Implications and Limitations
TSIL has practical implications for skill acquisition in robotic manipulation, where temporal efficiency is critical for operational utility and safety. By transforming temporal efficiency into reusable supervision, TSIL enables RL agents to progressively refine their behavioral repertoire toward compact, reproducible strategies, thereby enhancing exploitation and consolidation stages post-exploration.
The framework’s neglect of initial exploration is acknowledged: TSIL depends on the base learner to provide occasional successful trajectories, after which it strengthens exploitation. For domains requiring behavioral diversity, such as preference for slower or safer maneuvers, TSIL could be augmented with additional metrics or multi-objective conditioning.

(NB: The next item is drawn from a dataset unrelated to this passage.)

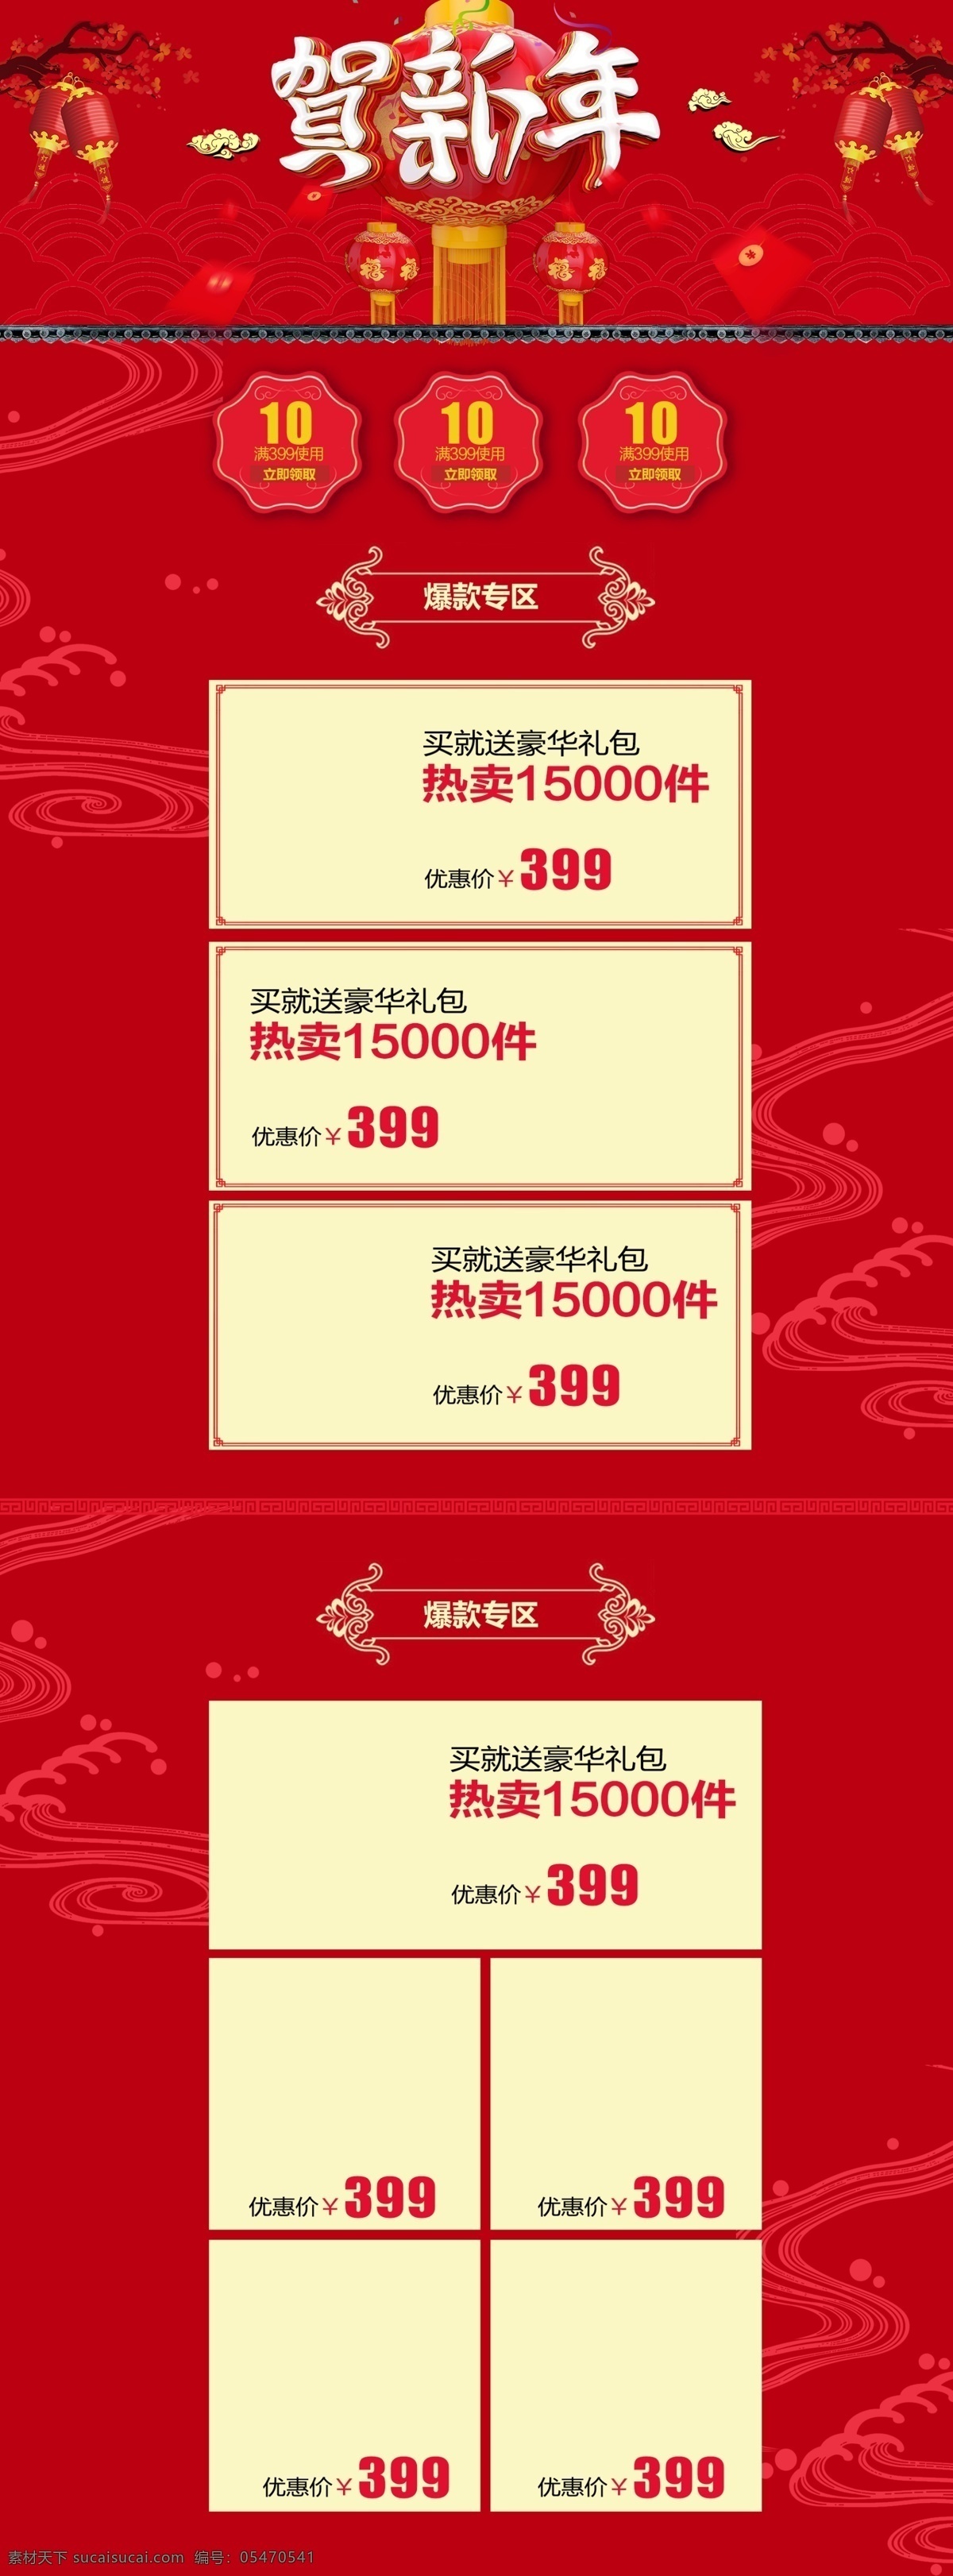 电商 淘宝 新年 大 促 红色 中 国风 家装 建材 首页 促销活动 冬季 贺新年 年货节 天猫

Memory efficiency is another concern, with the replay buffer maintained at modest capacity; future work could integrate more advanced replay compression or hierarchical memory to further optimize buffer composition.
Future Directions
Potential future developments include integrating temporal self-imitation with skill sequencing, hierarchically conditioned RL, multi-objective behavioral metrics, and broader applications to embodied foundation models. Extensions into real hardware deployment, adaptive memory compression, and policy distillation could yield further scalability and generalization.
Conclusion
Temporal Self-Imitation Learning establishes temporal efficiency as a central, reusable self-supervisory signal in RL for long-horizon manipulation. By leveraging adaptive configuration-conditioned temporal targets and efficiency-weighted trajectory replay, TSIL materially improves task effectiveness, sample efficiency, behavioral efficiency, and robustness on complex robotic benchmarks. The approach refines the direction of policy optimization and enhances preservation of efficient behaviors, charting promising new methodological grounds for reinforcement learning and robot autonomy (2606.19752).